Whenever fgets successfully reads one or more characters, and
adds them to the array (followed by a null terminator), it
returns the pointer it was given.
fgets only returns null when:
- it hits EOF when trying to obtain the first character.
- it hits an I/O error.
> But the man page does not say anything whether this is guaranteed;
> it says: "Reading stops after an EOF or a newline.", but it says
> nothing about [not] writing to or [not] resetting the buffer.
But of course, ISO C has the requirements nailed down. e.g. C99:
"The fgets function returns s if successful.

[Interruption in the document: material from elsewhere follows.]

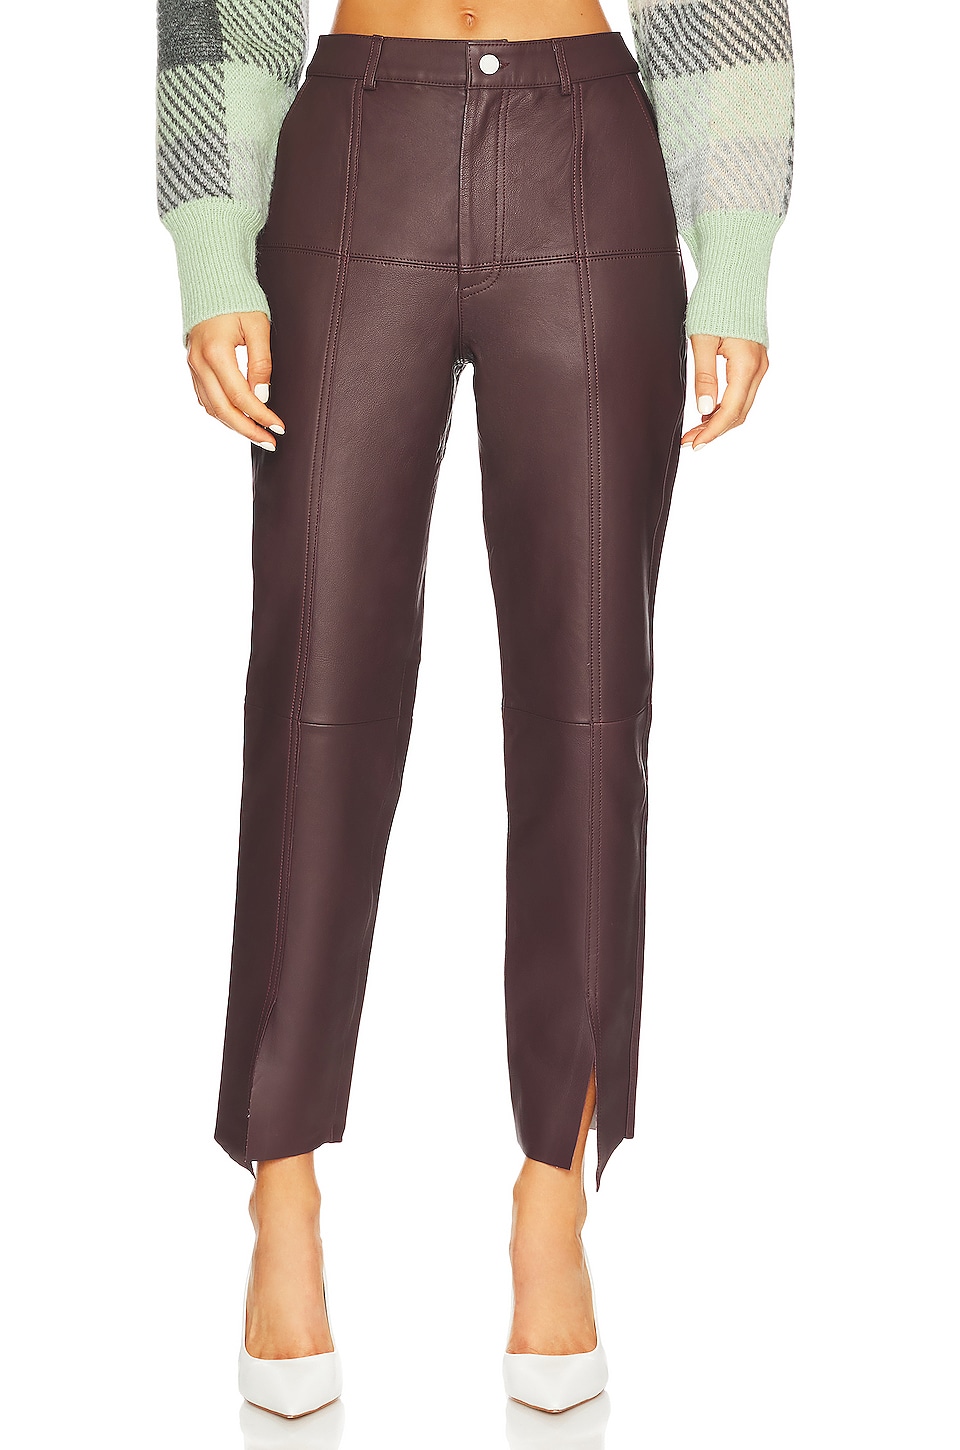 Ena Pelly Blair Seamed Leather Pant in Fig | REVOLVE

If end-of-file is
encountered and no characters have been read into the array, the
contents of the array remain unchanged and a null pointer is returned.
If a read error occurs during the operation, the array contents are
indeterminate and a null pointer is returned."
Beware of man pages identifying themselves as "Linux Programmer's
Manual". Their quality is all over the place, and rarely hits
a high note.
> Is that simple construct safe to get the last line of a text file?
While fgets returns a pointer, you have a good line of input.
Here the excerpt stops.